Williams Nick
The Lister Hill National Center for Biomedical Communications, National Library of Medicine, USA.
AMIA Annu Symp Proc. 2025 May 22;2024:1235-1244. eCollection 2024.
Evidence based medicine and health data for policy should update statistical data modeling methods to take advantage of at-scale data. One challenge with at-scale data is information segmentation for clinical presentation discovery and cohort assignment. We use gradient boosting machine (GBM) to segment 94,379,175,015 diagnostic clinical events attributable to 283,632,789 Centers for Medicare and Medicaid Services beneficiaries over 22 observation years. Diagnostic events were aggregated into attack rates by demography and Phenome-wide association studies (PheWas) codes. Resulting attack rates were then segmented within a user defined clinical status of interest, in this case HIV status. 1,753,647 HIV+ beneficiaries were considered. The GBM model assigned 19,651,408 PheWas attack rates from 69,133,296 ICD attack rates into phenogroups/nodes.

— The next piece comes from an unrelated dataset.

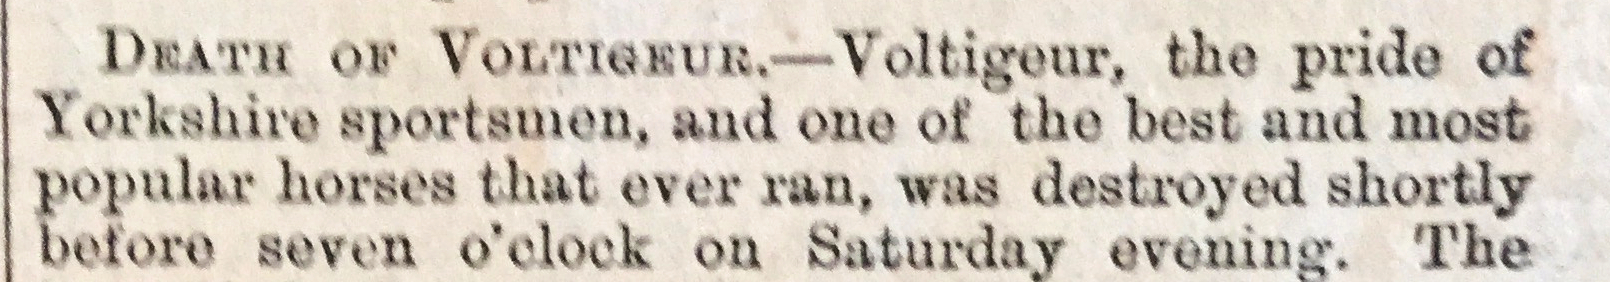 How the D&S Times reported the death of Voltigeur in February 1874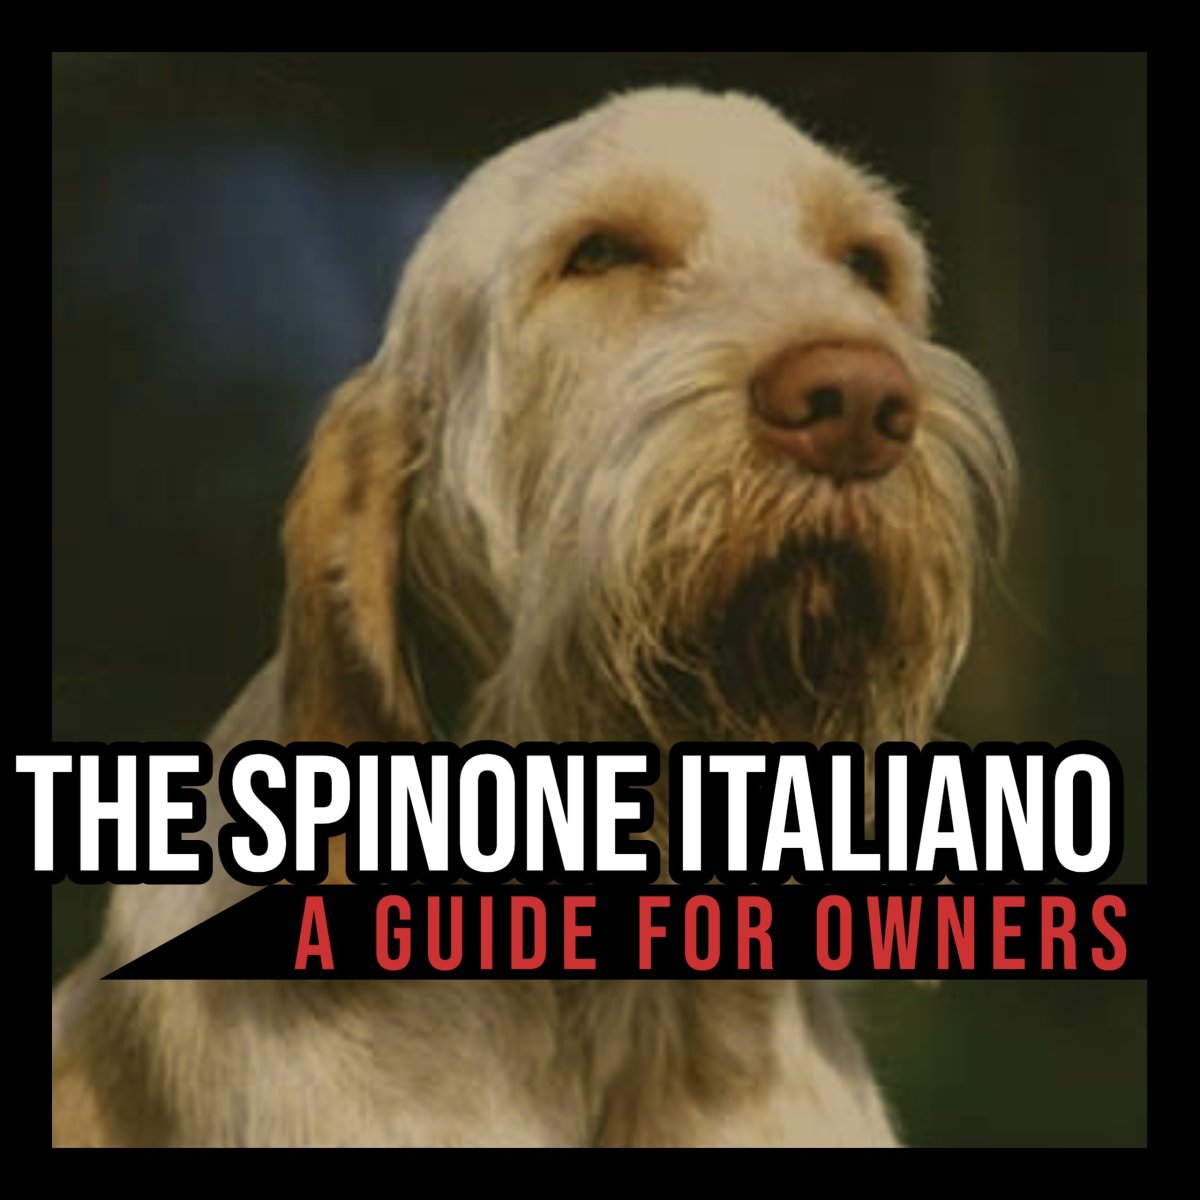 The Spinone Italiano: A Guide for Owners

基于证据的医学和用于政策制定的健康数据应更新统计数据建模方法,以利用大规模数据。大规模数据面临的一个挑战是用于临床表现发现和队列分配的信息分割。我们使用梯度提升机(GBM)对94379175015个诊断临床事件进行分割,这些事件归因于283632789名医疗保险和医疗补助服务中心的受益人在22个观察年中的情况。诊断事件按人口统计学和全表型关联研究(PheWas)代码汇总为发病率。然后,在用户定义的感兴趣的临床状态(在本例中为HIV状态)内对得出的发病率进行分割。研究考虑了1753647名HIV阳性受益人。GBM模型将来自69133296个ICD发病率的19651408个PheWas发病率分配到表型组/节点中。